If we had Tik Tok at the time, someone might have felt the need to share their fruit plate topped with sherbet and call it #girldinner, a new (annoying) name for an old phenomena — sometimes we don’t feel like cooking so we assemble dinner from odds, ends, and ice cream. No need to give it an infantilizing name, imho.
Now, I know “girl dinner” is supposed to be for when you eat solo. It’s extolled as a form of self care — look, you’re eating alone tonight, so you can just graze.
But what if you’re supposed to prepare a meal for others and you’re too busy, stressed, or hot to cook? I hereby give you permission to put together snacks for dinner for others as well.
In fact, I encourage it. Especially this time of year.
Summer food is wonderful. But if I’m honest, it’s also a little boring. Nature provides us with so many beautiful ingredients that as cooks, we mostly need to get out of the way.
The best meals in summer are usually built by skilled shopping (or gardening). If you’re feeling especially ambitious, you can rub something and grill it and maybe make a little sauce.
But where I live, it’s been hot.
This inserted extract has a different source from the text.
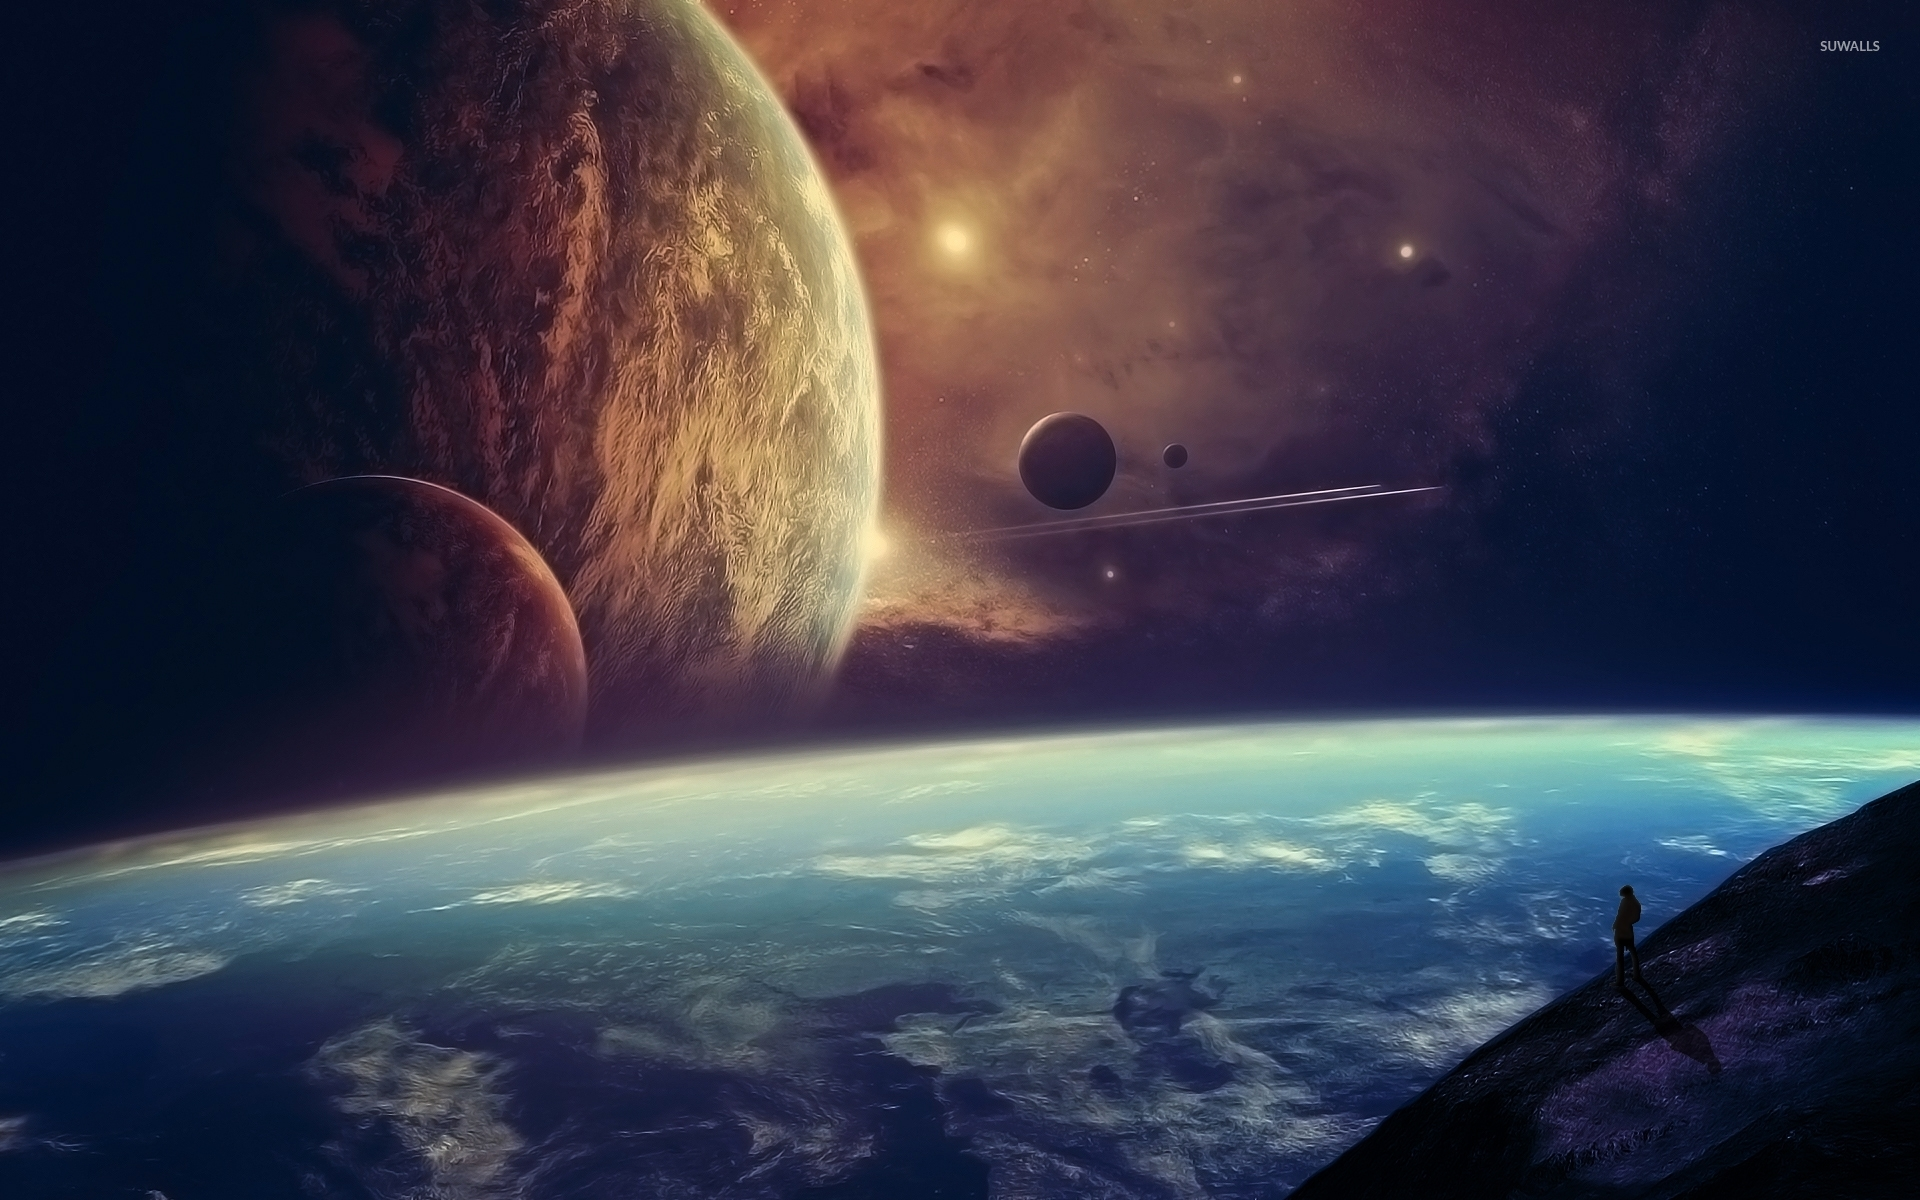 Eye Of God Helix Nebula Wallpaper Space Wallpapers 48629

Not pleasantly warm, with a cool breeze, but sticky. Swampy. Soupy. Steaming. Sweltering. Choose your ‘s’ word for 85°F+ with 80% humidity.
With Mission: Dinner, I usually send you a new recipe each week. This week, after my vacation, I’m still getting back into the groove of things, so I don’t have one.
Don’t worry: I’m not taking off the whole summer. I have a few recipes in the works in various stages of doneness, but none are ready or worthy for your weeknight table.
Instead, I thought I’d share a few delicious and memorable summer assemblages I’ve put together in the past that might inspire your own. Some of them involved very light cooking, but rest assured that a plate of fruit (and vegetables, if you like) is a perfectly acceptable dinner.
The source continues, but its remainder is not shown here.